Sunday, 26 July 2015

Mum Guilt


Well. a few times I have apologized to STS for being too strict on some things and not strict enough on others. Of course, he contradicted me and told me my child-raising techniques were OK.

So, why do mums fall into "Mum Guilt"? I thought of this today, as STS recently assured me that he was glad I found a certain balance, but I am still not too happy with myself as a mum.

"Mum Guilt" arises from several areas of the soul. I have a little bullet list of reasons why mums feel guilty. However, I also answer with the truth.

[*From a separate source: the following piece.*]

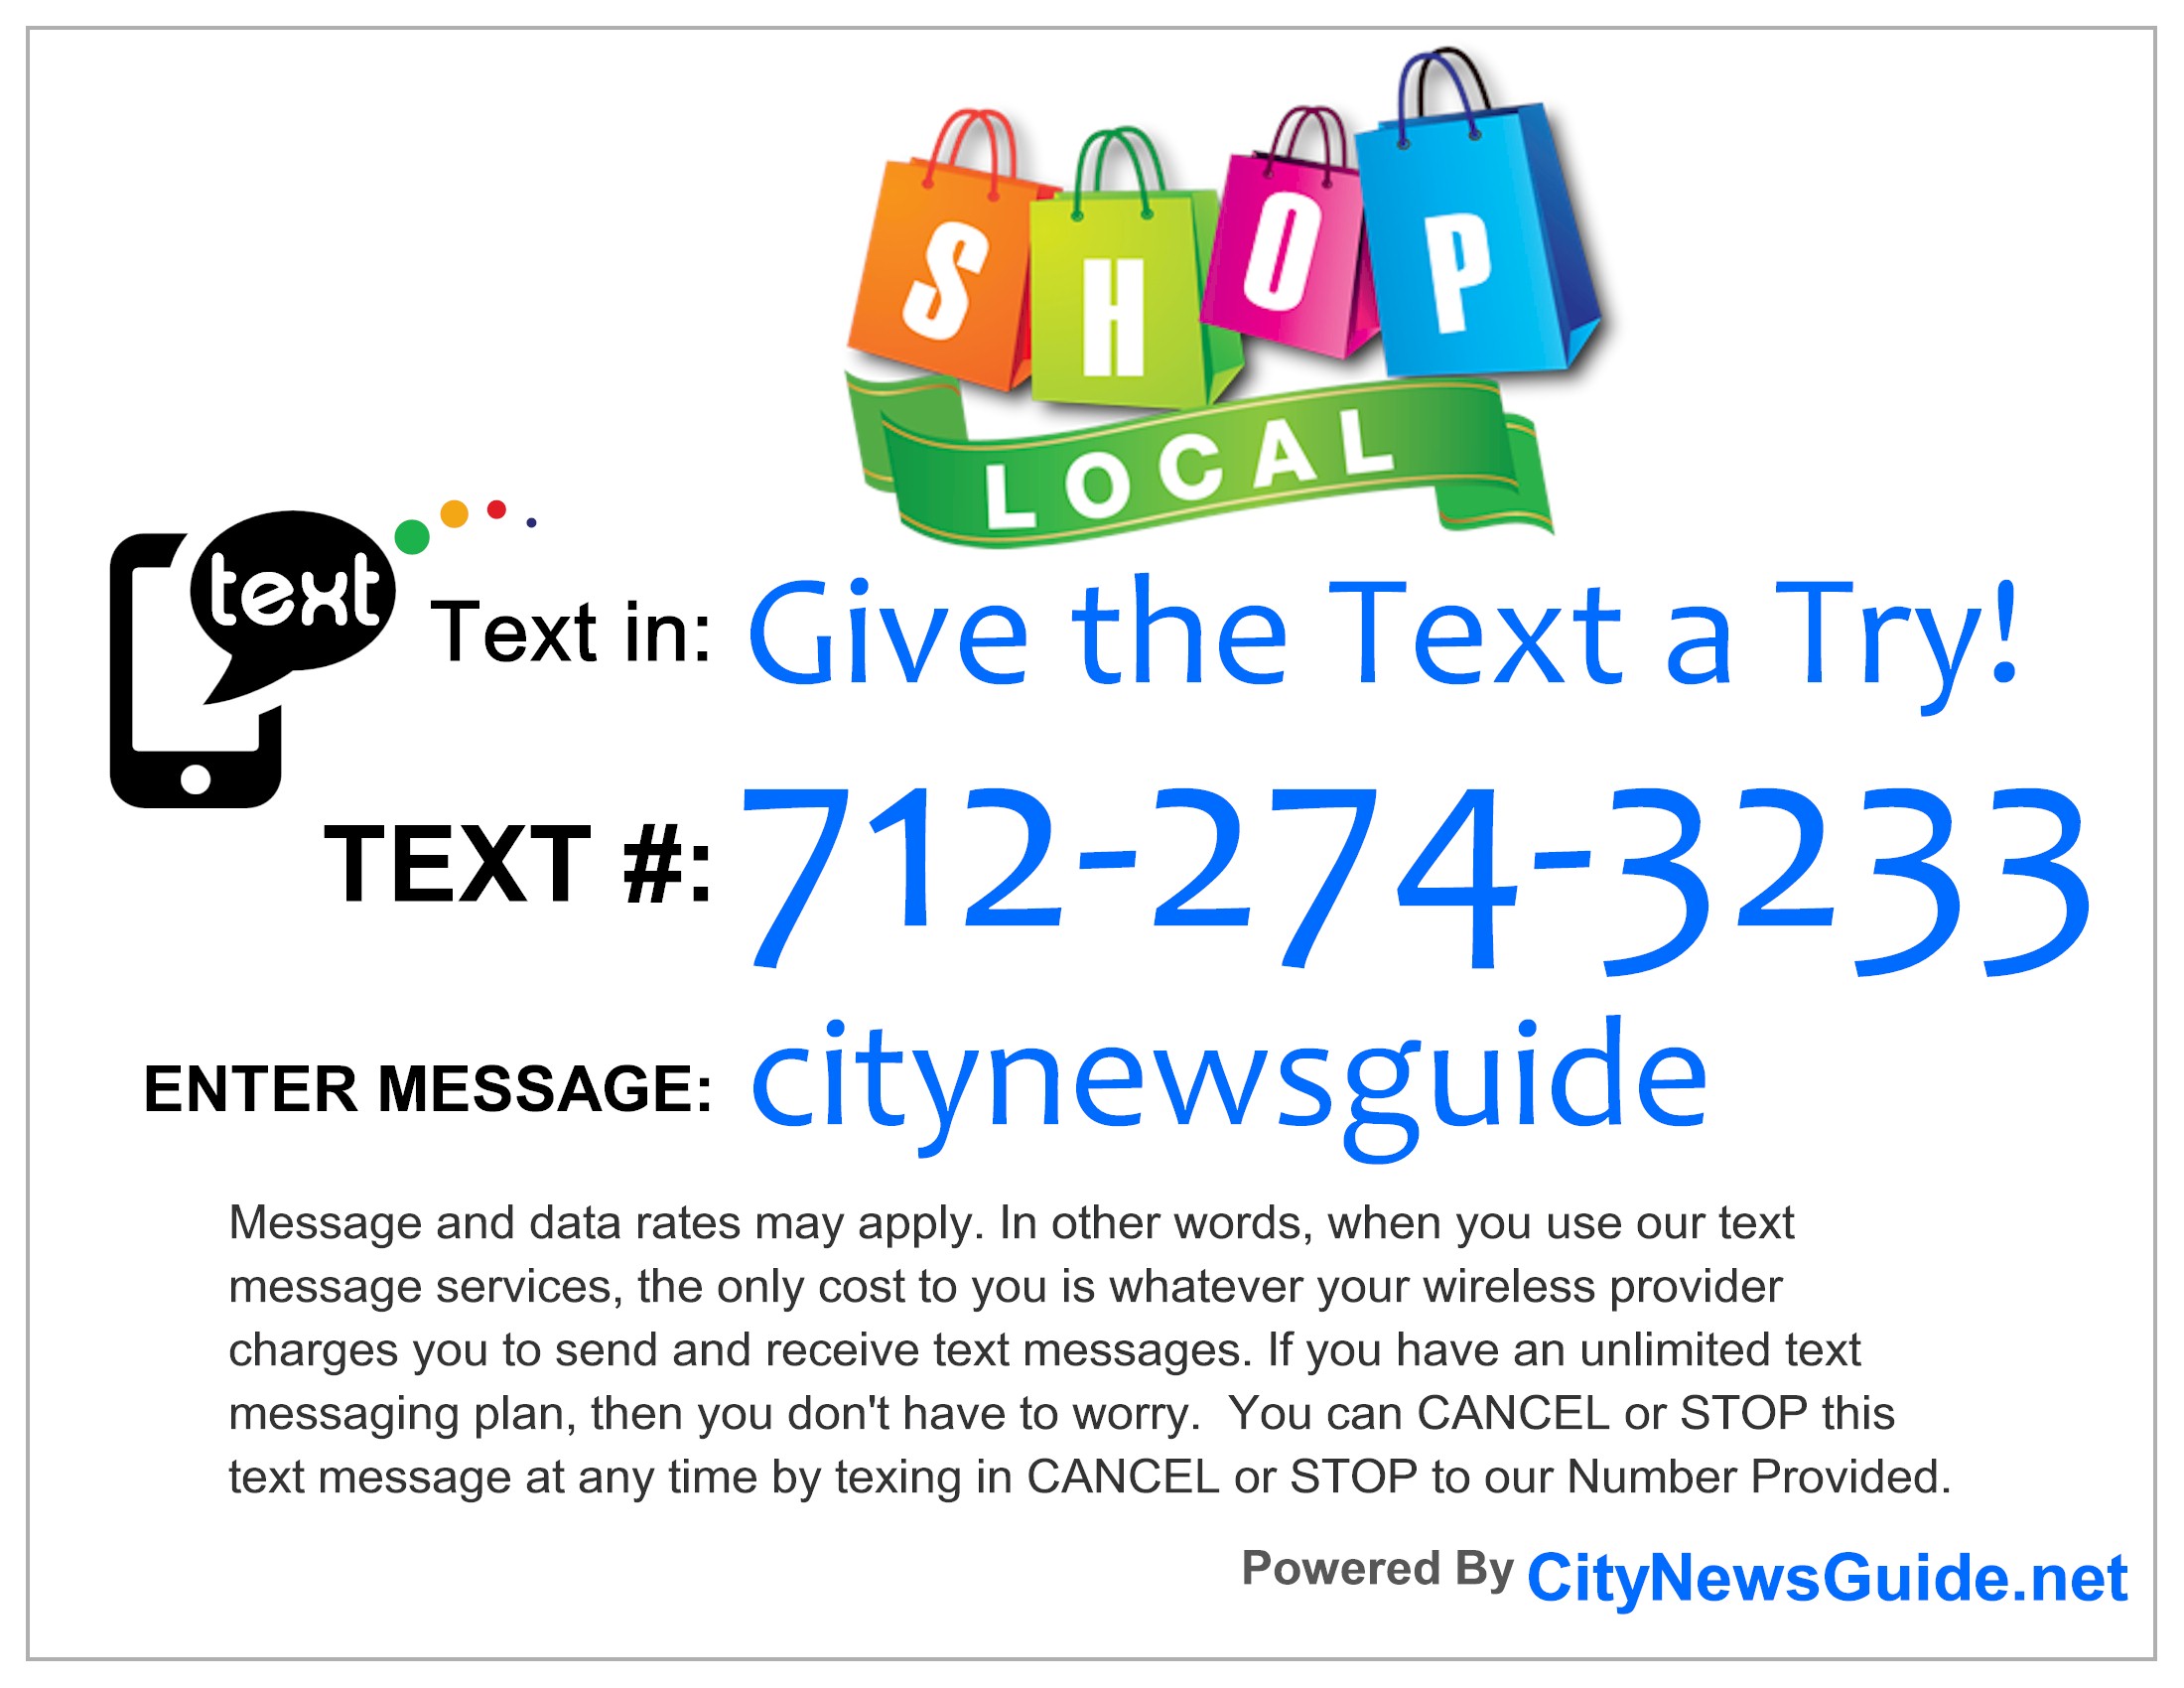 Proudly Display - Shop Local - Text Marketing - CityNewsGuide.net

  • Child or children did not turn out as one expected. (Answer: Well, who do you think you are, the BVM? And, were your expectations realistic and fair?)
  • Child or children have faults or a lack of virtue training one missed because of cooking, baking, cleaning, being chauffer, working, being nurse....and so on. (Answer: Hmm, so the child or children are like apples which did not fall far from the tree. Johnny or Janey's faults seem to be like....Mum's. Do you think you are supermum? Are you perfect, yet?)
  • Child or children seem unhappy, or too happy, too serious, or too laid-back. (And, what were you like at 25?)
  • Child or children are not quite as brilliant at .....as one expected. (When was the last time you balanced your chequebook? Hey, think of me, realizing that STS is so much more highly intelligent than I am that I have to have science, philosophy, math, history, architecture, art, gourmet cooking, antiques, linguistic, Japanese, Chinese, Greek, German, Anglo-Saxon, Ancient Norse, computer tech, theology, medicine, history, music, and etc. dictionaries and encyclopedias at hand, or all the tabs open on my computer, just to have a twenty minute conversation. Fun, but challenging.)
  • Child or children are so messy, while I trained him or them to be so neat. (So, you have never heard of kids being totally different than parents? And, who is the pack-rat in the family?)
  • Child or children forget Mother's Day, which means he, she, they don't love me because I was such a horrible mum. (OMGoodness, STS manages to forget TWO Mother's Days-American and English, as he thinks he sent a card to one or the other...so quit complaining. "Oh, sorry Mum, didn't I send one for the English Mother's Day [or American Mother's Day]?)
  • If I had only done this, or lived here, or, or, or...(Waste of time-we cannot change the past. Go forward in grace.)
  • I could have done better. I was too self-absorbed, too selfish...(OK, now we are getting down to the truth....)
Mum Guilt arises from mums either comparing themselves with their perfect mums (especially the 1950s variety), or by rebelling against their mums (usually the 1960s variety) and reading every single mothering book in the English language. Most of us have high expectations of our own selves.

But, Mum Guilt seems to be real. Maybe we mums think back to Eve wishing she really had not eaten the apple, and then offered it to Adam, thus messing up mothering until the end of time. We must want to be perfect NOW and we want perfect kids. Well, maybe...but it is not so bad to realize one's faults in child-rearing. The key virtue for mums must be humility. If we are virtuous, the kids will grow up in virtue. However, remember, everyone has free will.

Then again, as one grows older, one has many regrets, looking back at the past and realizing how immature and selfish one was, and if only.......STOP.

I think Mum Guilt comes from a lack of trust in God. Children belong to Him, not us. We are just given sons and daughters for a time, for our own salvation as well as theirs. If mums trust in Divine Providence, maybe, just maybe, Mum Guilt would disappear. We need to constantly give our children to God and to His Mother, Mary.

God forgives us mums and reminds us that there is only ONE PERFECT MUM, St. Mary, His Mother.

We daughters just have to accept that we need her help daily to be good mums. 

St. Mary, Mother, pray for all of us mums, please.